Wednesday, February 21, 2007

Remembering Our Roots

Deuteronomy 26:1 "When you come into the land that the Lord your God is giving you for an inheritance and have taken possession of it and live in it, you shall take some of the first of all the fruit of the ground which you harvest from you land that the Lord your God is giving you, and you shall put it in a basket, and you shall go to the place that the Lord you God will choose, to make his name to dwell there. And you shall go to the priest who is in office at that time and say to him, 'I declare today to the Lord your God that I have come into the land that the Lord swore to our fathers to give us.'"

This section of Deuteronomy goes on to say that the person is to recite the history of Israel beginning this way: "A wandering
Aramean was my father ..."

I like this for two reasons. One: when God does good things for us we need to stop and give thanks. How often do we pray for things, God grants our prayers, then we just go on as if we should have gotten that answer all along. We forget that it is by God's grace and mercy that He brings these to us.

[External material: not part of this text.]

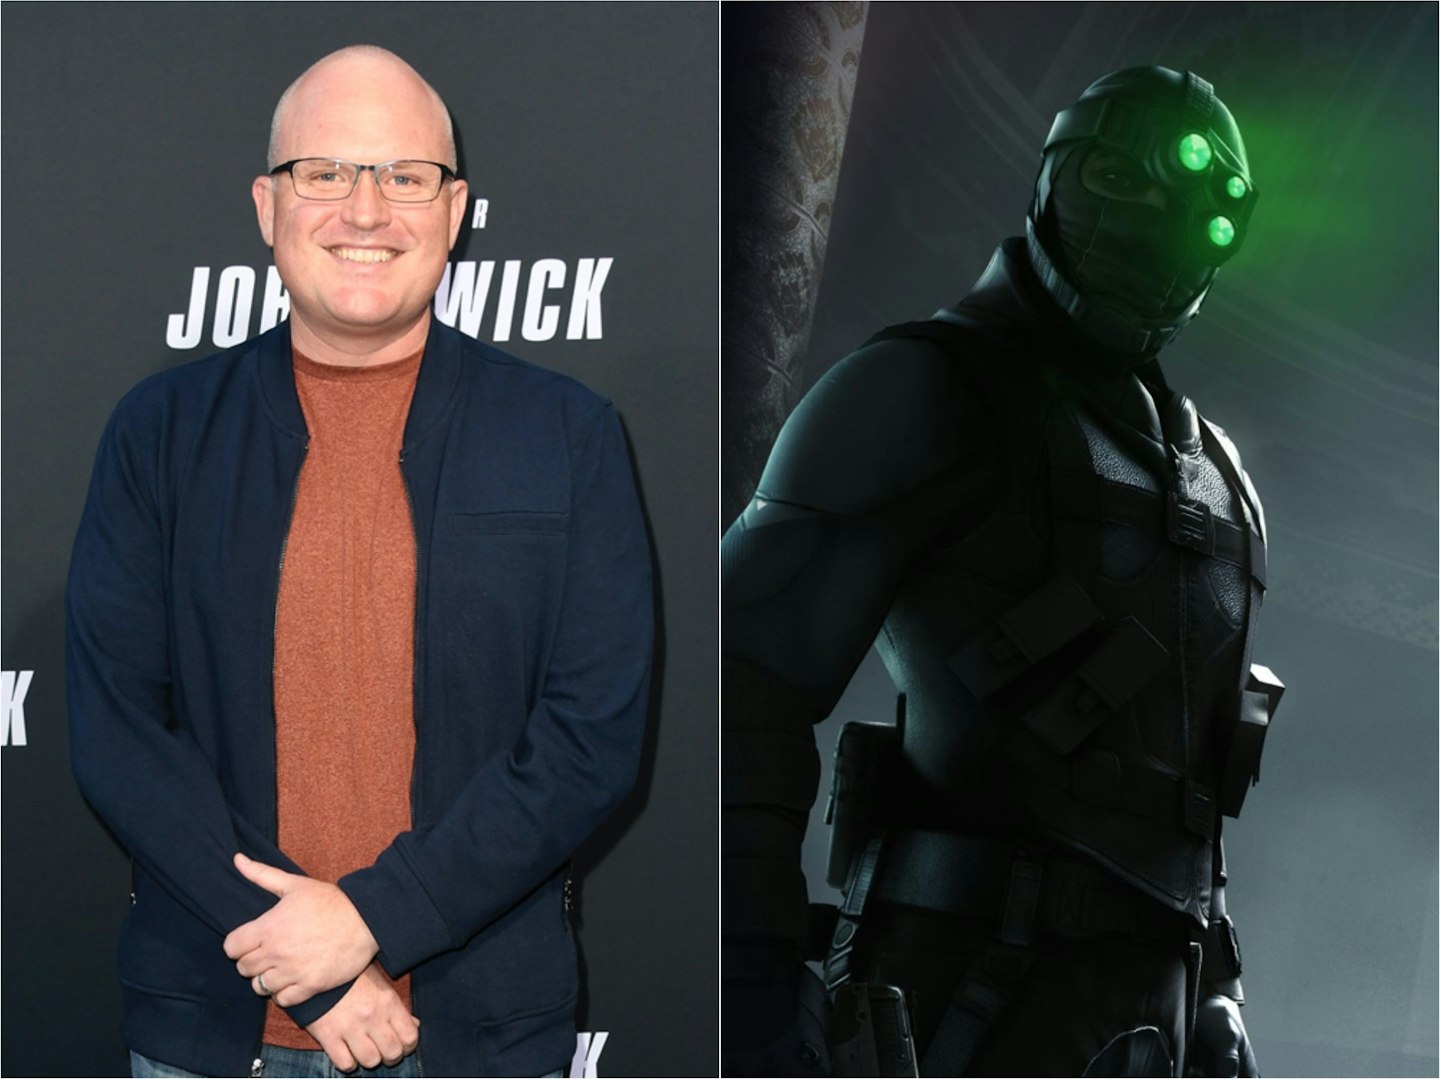 Splinter Cell Netflix anime series announced with John Wick writer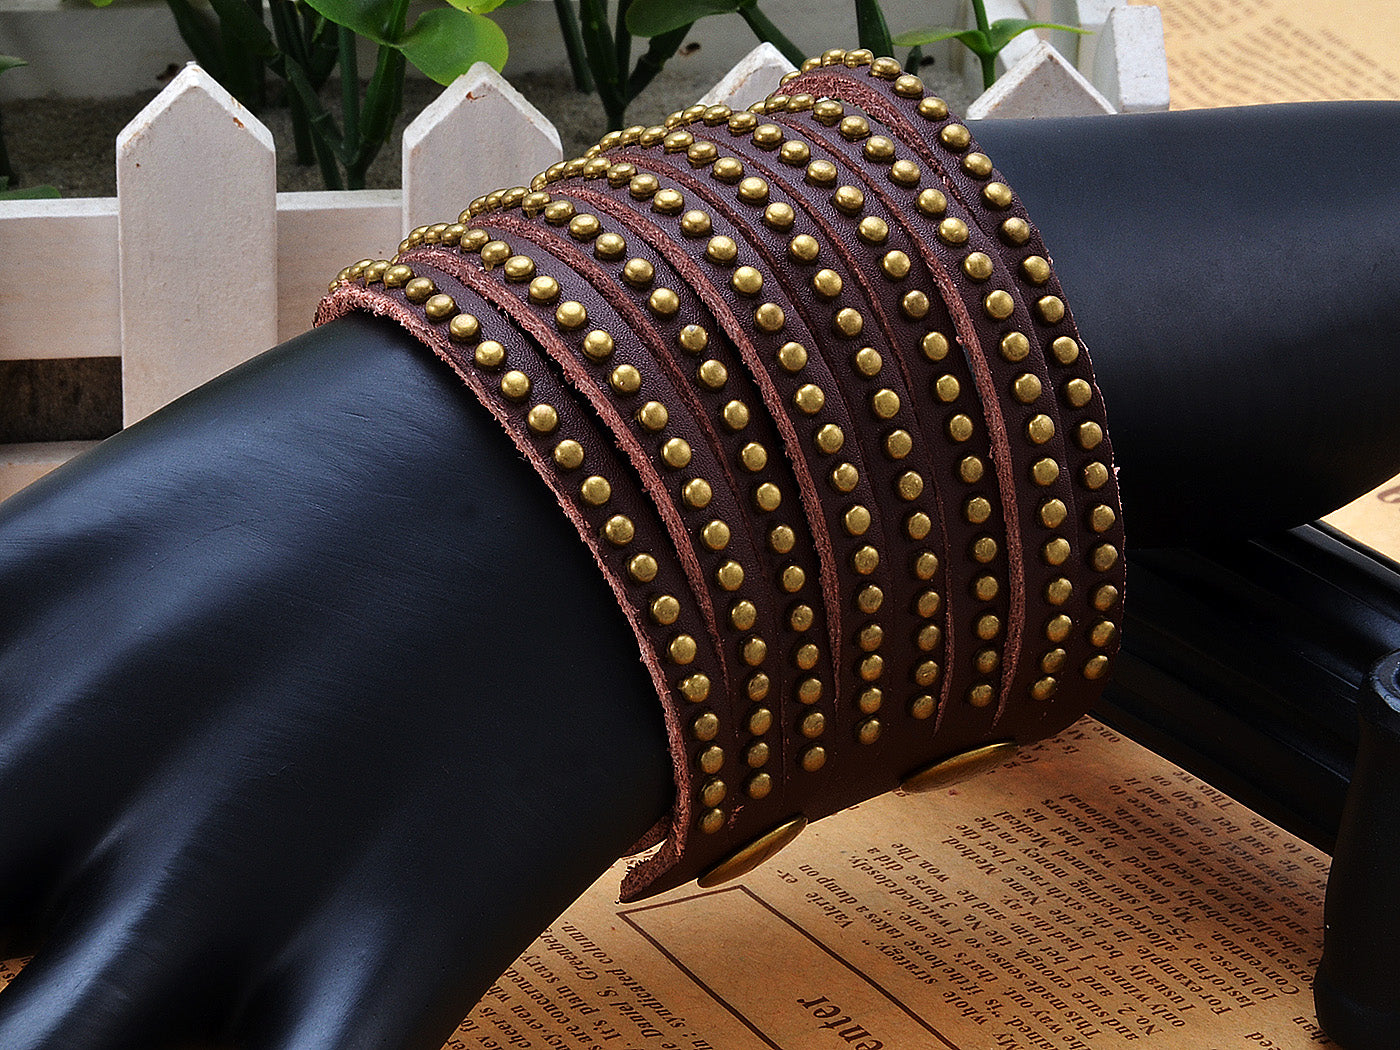 Black Leather Multi Strand Studded Beads Snap On Arm Cuff Bracelet

Giving a first fruit to the Lord might be spending some time in prayer or worship, or literally giving of the first of what benefit the Lord has given you and giving it back to him by donating to the Lord's work.

But then I also like the recitation of the story starting with "a wandering
Aaramean." That was Abram, of course. Instead of "a great and mighty man of God," Abram is described as a "wandering Aaramean." That's us too. We should remember that we are nothing without the Lord working on our behalf.

We should never forget our humble beginnings, sinners in need of forgiveness wandering around lost in the world. And we should never forget to give God the first of all He gives us out of his grace.